On the U.S. side, he said the Alaska pipeline is gaining momentum, but because of remaining regulatory and fiscal uncertainties, the project is not inevitable, he said.

MacDonald strongly defended proposed U.S. government assistance for the Alaska Highway project, arguing it was no different from various forms of risk-sharing by the public and private sectors in both the United States and Canada.

He said a marginal gas credit of 52 cents per million British thermal units coupled with a phaseout provision, a government loan guarantee and seven-year pipeline depreciation was based on existing precedents in both countries.

He dismissed attempts to equate the proposed level of assistance with a project subsidy, noting that the industry would receive only 16 percent of project discounted gas flow, while the U.S. government would collect 68 percent and the various Canadian governments 16 percent.

Capital the challenge

Brad Reese, senior vice president with Duke Energy and co-chief executive officer of Foothills Pipe Lines Ltd., said the greater challenge for both pipelines would be to raise the necessary capital.

“We will need all the gas we can get from the Far North,” he said, describing the region as a linchpin of North American energy security.

“Both (projects) have to be done,” Reese said, adding that government incentives are a necessary element, as they have been with other frontier development. Without assistance, North American markets could face supply shortfalls, he warned.

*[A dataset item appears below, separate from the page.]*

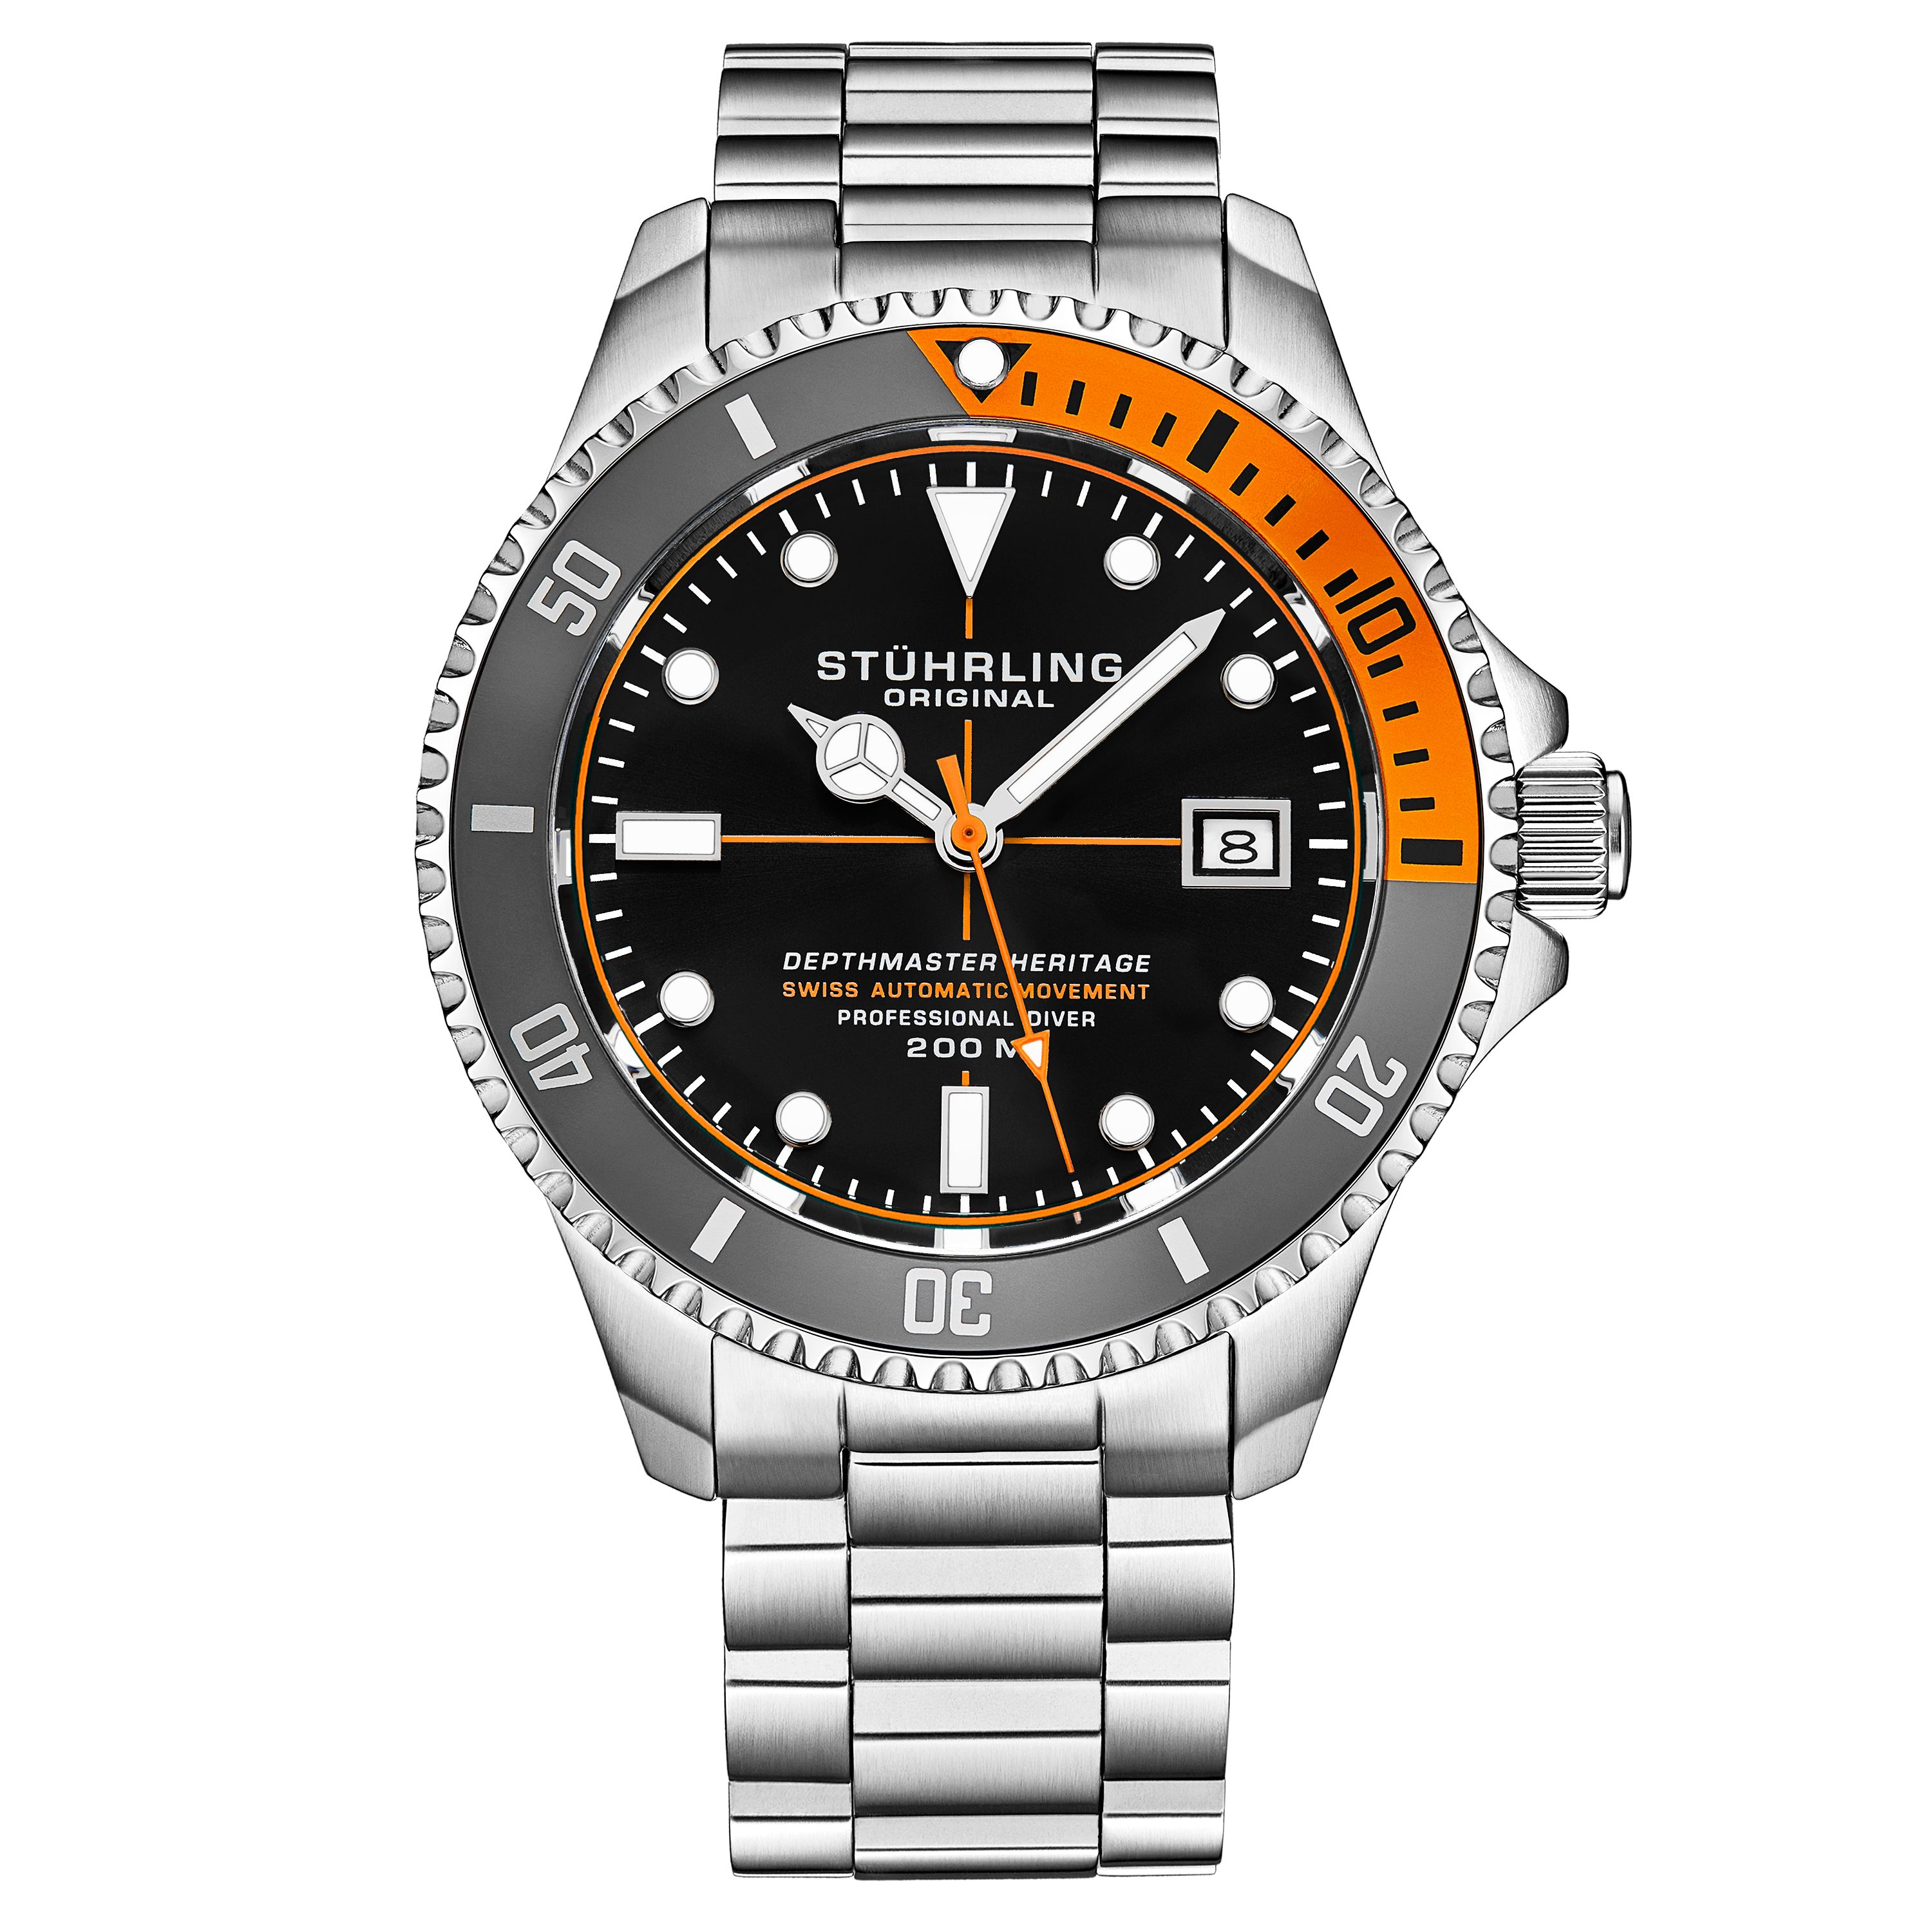 Men's Swiss Automatic Watch, Stainless Steel Case, Black Dial, Stainless Steel Bracelet, Exhibition Caseback, Thick Domed Crystal, 20ATM, Gray and Orange Bezel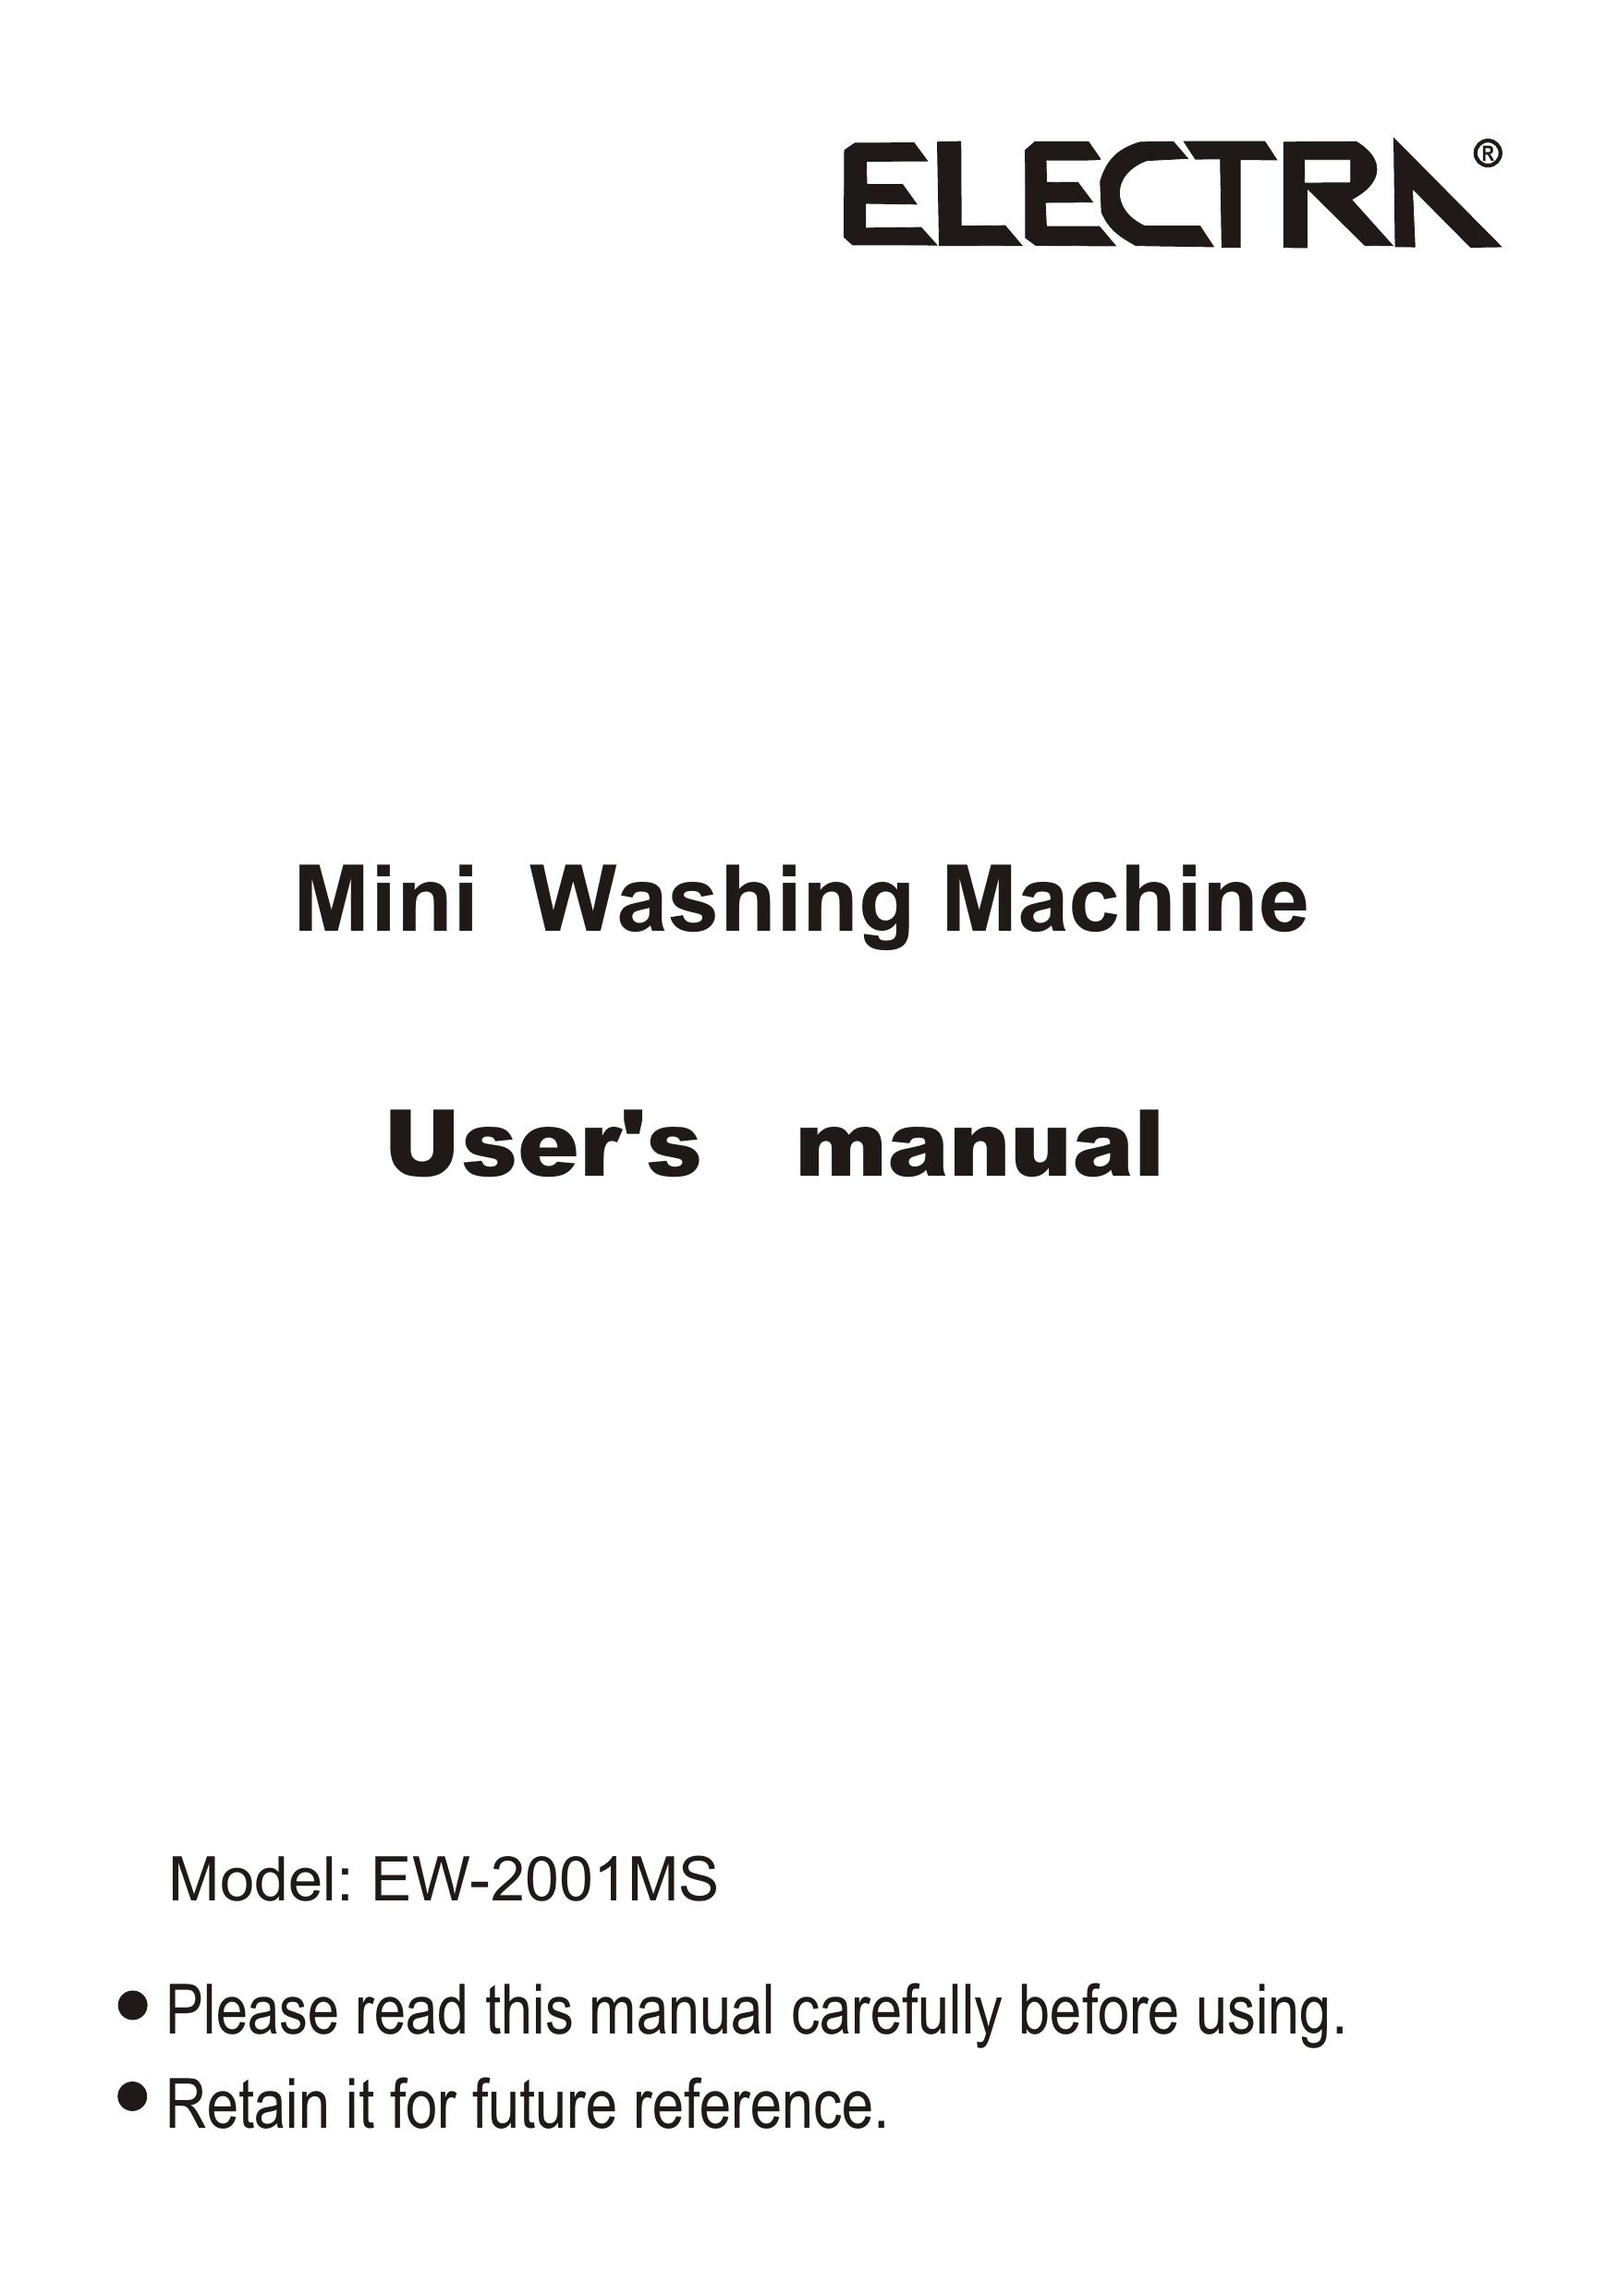 Electra Accessories EW-2001MS Washer/Dryer User Manual

Doug Black, an attorney with the Calgary firm of Fraser Milner Casgrain, told the conference that although the competition for capital is intense, it is more likely that an extremely complicated regulatory regime could stall Arctic resource development in Canada.

Based on his own experience, he said “it’s not money that sends people packing from the frontiers ... it is the inability to get through the regulatory and environmental regime,” given that there are separate regulators to deal with in both the Far North and the Canadian government.